XFI
===

questions on lab 2?

what's this paper trying to achieve?
    run legacy x86 binary code safely
    "safely" defined by P1..P7 in paper

what are the potential uses?
    plugins (device drivers, media codecs, browser plugins, ..)
    hardening existing applications (httpd from lab 1?)
    running untrusted code downloaded from some web site
	what sorts of things would or would not XFI solve?
    "mobile code", as in last lecture
	x86 instead of javascript in the browser?
	app code in the kernel (video codecs, packet filters)
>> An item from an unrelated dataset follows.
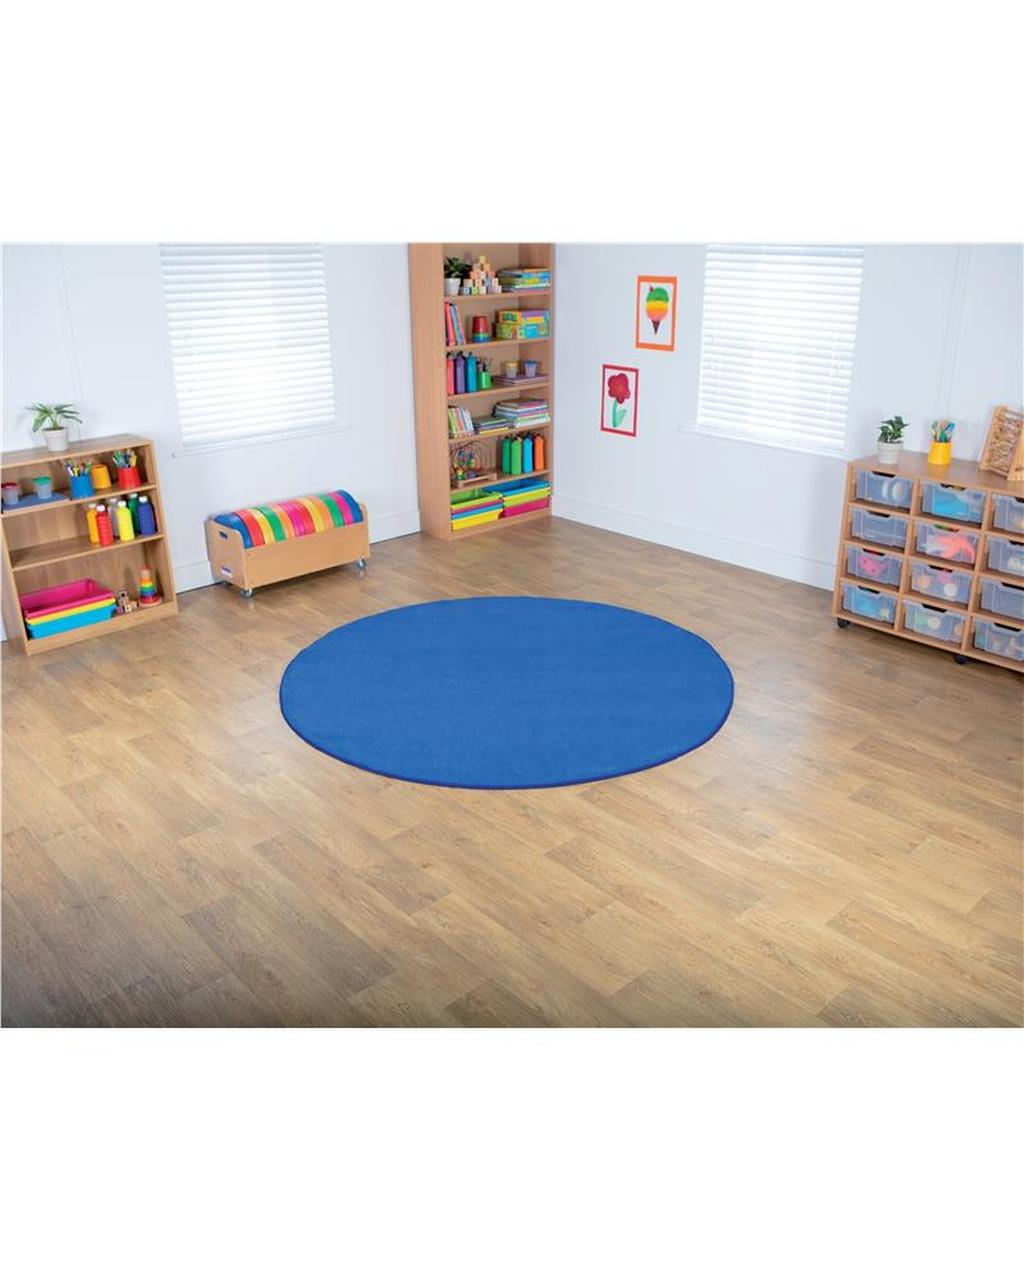 Blue Circular Carpet

what do we want to prevent the untrusted module from doing?
    corrupting memory that doesn't belong to it
    read secret data that doesn't belong to it
    invoke system calls
    invoke other code that it shouldn't be able to call
    .. or have exploits like buffer overflow that lead to the above

what should the module be able to do?
    read/write its own memory
    execute its own code
    call certain approved external functions

why XFI?
    use hardware protection?
	might be too expensive, or not available (inside kernel)
    use a high-level language?
	not practical for legacy code; not practical in kernel w/o runtime
    use a restricted language?
	works in some cases: packet filtering language for tcpdump (BPF)

so what's the plan?
    instrument calls, memory accesses, privileged instructions (eg syscall)
    make sure that all uses conform to our policy

what's CFI and why do we need it?
    direct: want to make sure the XFI module doesn't call arbitrary code
	might not want the module calling system() or making syscalls
    indirect: need it to make sure we have memory access checks in all places
    indirect: need it to make sure malicious code doesn't jump past checks
    problem: x86 disassembly is tricky
	25 CD 80 00 00    (AND %eax, $0x80cd)
	jump to second byte (CD 80) to invoke linux syscall
    cannot verify every possible offset (likely false positives)
    CFI ensures reliable disassembly and thus reliable software guards

how does CFI work?
    plan:
	disassemble the module linearly
	ensure entry points are on legal instruction boundaries that we saw
	ensure internal jumps go to legal instruction boundaries that we saw

    construct a call graph ahead of time (program analysis)
	for each call site, figure out what might be called
	sometimes hard to tell: calling a function pointer
	conservative answer: any function whose address is ever computed

    ensure that each call goes to one of the possible call sites
	simple for static cases
	need to have a runtime check for computed jumps

    is this good enough?
	should be able to prevent module from directly calling system
	    (i.e. will enforce external callers as we wanted)
	should make disassembly reliable
	what if the call graph allows arbitrary calls within the module?
	    might jump around in strange ways internally -- what could happen?
	    preserves reliable disassembly and external functions called
	    still need to ensure it doesn't bypass software guards we'll insert
	    (soln: CFI only allows arcs to function start)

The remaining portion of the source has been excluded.